Rivet analysis reference: BABAR_2009_I819092 - Mass distributions and $\bar{\Lambda}^0$ polarization in $B^0\to \bar{\Lambda}^0 p\pi^-$

Rivet analyses reference

BABAR_2009_I819092

Mass distributions and $\bar{\Lambda}^0$ polarization in $B^0\to \bar{\Lambda}^0 p\pi^-$
Experiment: BABAR (PEP-II)
Inspire ID: 819092
Status: VALIDATED NOHEPDATA
Authors:

Peter Richardson

References:

Phys.Rev.D 79 (2009) 112009

Beams: * *
Beam energies: ANY
Run details:

Any process producing B0 mesons, originally Upsilon(4S) decays

Measurement of the $\bar\Lambda^0 p$ mass spectrum and $\bar\Lambda^0$ energy in the decay $B^0\to\bar{\Lambda}^0 p \pi^-$. The polarization of the $\bar\Lambda^0$ is also measured. The data were read from the plots/tables in the paper but are efficiency corrected and background subtracted. In additon the values of the polarization were adjusted to use the PDG 2022 value of $\alpha_\Lambda$ as there has been a significant change due to due measuremnts.

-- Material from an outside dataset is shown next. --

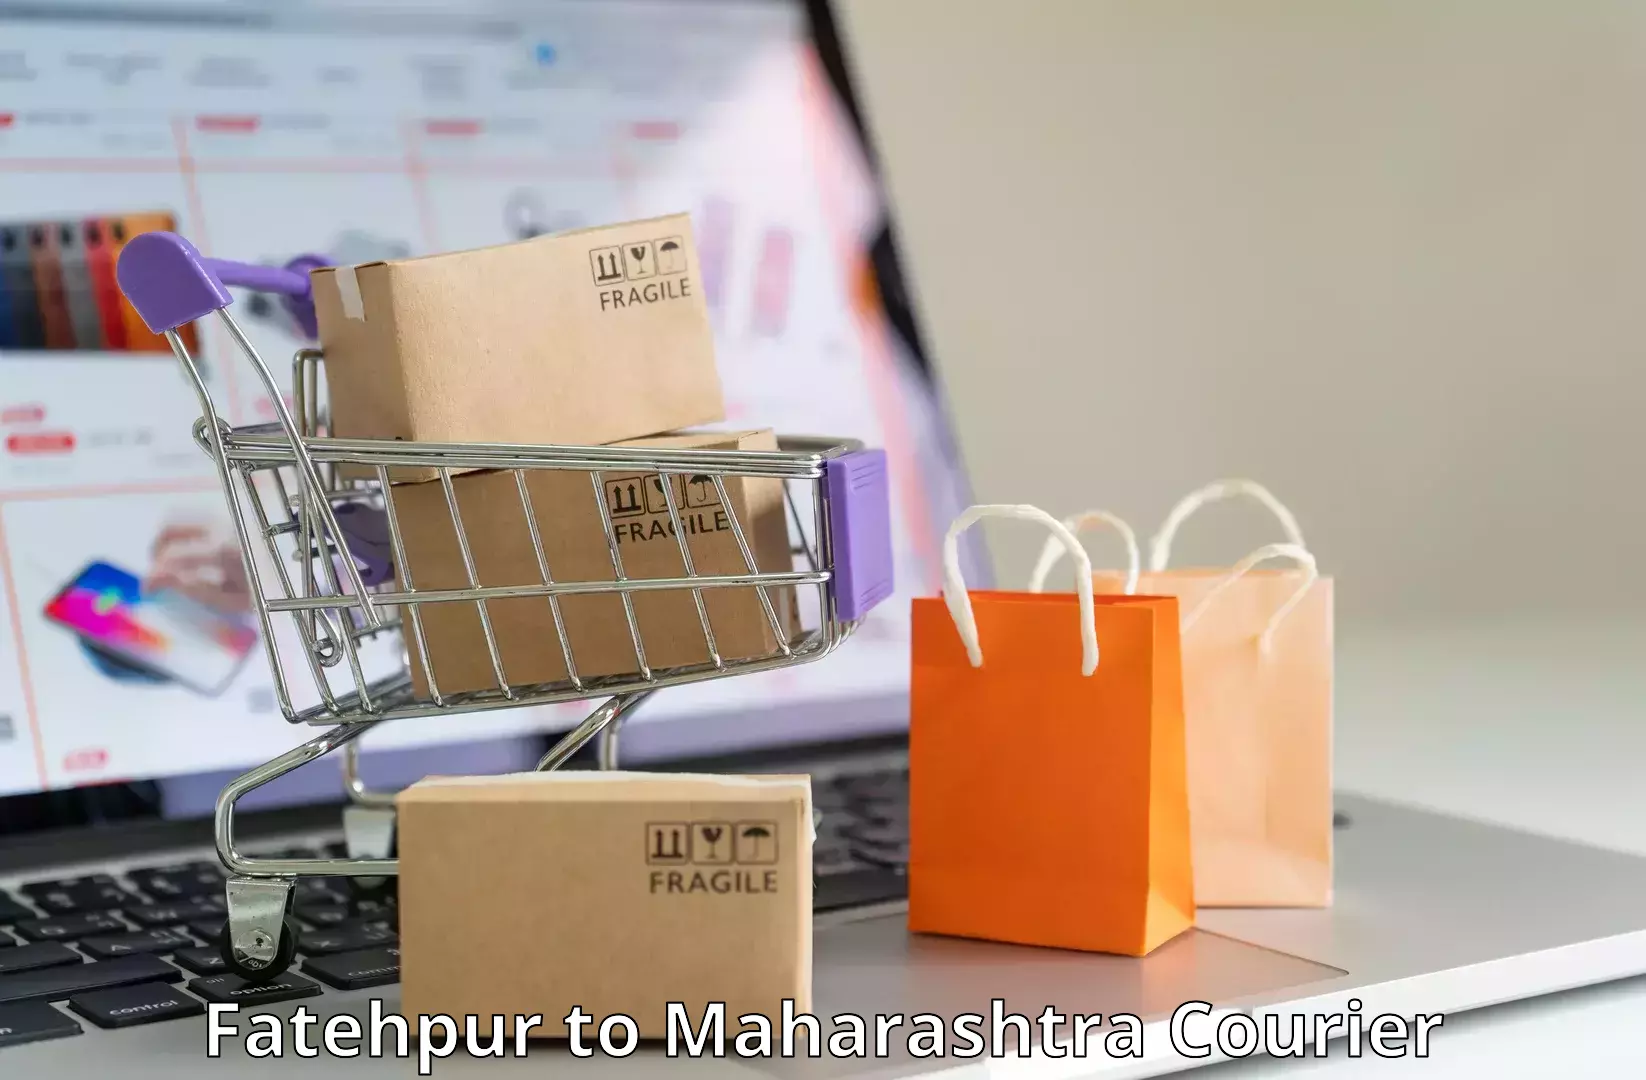 Express postal services Fatehpur to Maharashtra

Source code: BABAR_2009_I819092.cc

// -*- C++ -*-
#include "Rivet/Analysis.hh"
#include "Rivet/Projections/UnstableParticles.hh"
#include "Rivet/Projections/DecayedParticles.hh"

namespace Rivet {


  /// @brief B0 -> lambdabar p pi-
  class BABAR_2009_I819092 : public Analysis {
  public:

    /// Constructor
    RIVET_DEFAULT_ANALYSIS_CTOR(BABAR_2009_I819092);


    /// @name Analysis methods
    /// @{

    /// Book histograms and initialise projections before the run
    void init() {
      // Initialise and register projections
      UnstableParticles ufs = UnstableParticles(Cuts::pid==511);
      declare(ufs, "UFS");
      DecayedParticles B0(ufs);
      B0.addStable( 3122);
      B0.addStable(-3122);
      declare(B0, "B0");
      book(_h_pol1,2,1,1);
      for(unsigned int ix=0;ix<3;++ix) {
	if(ix<2) book(_h_mass[ix],1,1,1+ix);
	book(_h_pol2[ix],3,1,1+ix);
      }
    }


    /// Perform the per-event analysis
    void analyze(const Event& event) {
      static const map<PdgId,unsigned int> & mode   = { { 2212,1},{-3122,1}, {-211,1}};
      DecayedParticles B0 = apply<DecayedParticles>(event, "B0");
      // loop over particles
      for(unsigned int ix=0;ix<B0.decaying().size();++ix) {
	if (!B0.modeMatches(ix,3,mode)) continue;
       	const Particle & pp     = B0.decayProducts()[ix].at( 2212)[0];
       	const Particle & LamBar = B0.decayProducts()[ix].at(-3122)[0];
	_h_mass[0]->fill( (pp.momentum()+LamBar.momentum()).mass());
	// boost to B rest frame
	LorentzTransform boost =
	  LorentzTransform::mkFrameTransformFromBeta(B0.decaying()[ix]. momentum().betaVec());
	FourMomentum pLam    = boost.transform(LamBar.momentum());
	FourMomentum pProton = boost.transform(pp    .momentum());
	_h_mass[1]->fill(pLam.E());
	// Lambda decay products
	if(LamBar.children().size()!=2) continue;
	Particle pbar;
	if(LamBar.children()[0].pid()==-2212 &&
	   LamBar.children()[1].pid()== 211) {
	  pbar = LamBar.children()[0];
	}
	else if(LamBar.children()[1].pid()==-2212 &&
		LamBar.children()[0].pid()== 211) {
	  pbar = LamBar.children()[1];
	}
	else
	  continue;
	LorentzTransform boost2 = LorentzTransform::mkFrameTransformFromBeta(pLam.betaVec());
	Vector3 axisP = boost2.transform(boost.transform(pbar.momentum())).p3().unit();
	Vector3 axis1 = pLam.p3().unit();
	double cTheta = axisP.dot(axis1);
	_h_pol1   ->fill(pLam.E(),3.*cTheta);
	_h_pol2[0]->fill(pLam.E(),3.*cTheta);
	Vector3 axis2 = pLam.p3().cross(pProton.p3()).unit();
	cTheta = axisP.dot(axis2);
	_h_pol2[1]->fill(pLam.E(),3.*cTheta);
	Vector3 axis3 = axis1.cross(axis2);
	cTheta = axisP.dot(axis3);
	_h_pol2[2]->fill(pLam.E(),3.*cTheta);
      }
    }


    /// Normalise histograms etc., after the run
    void finalize() {
      double alpha = -0.732;
      for(unsigned int ix=0;ix<2;++ix) {
	if(ix<2) normalize(_h_mass[ix],1.,false);
	_h_pol2[ix]->scaleY(1./alpha);
      }
    }

    /// @}


    /// @name Histograms
    /// @{
    Histo1DPtr _h_mass[2];
    Profile1DPtr _h_pol1,_h_pol2[3];
    /// @}


  };


  RIVET_DECLARE_PLUGIN(BABAR_2009_I819092);

}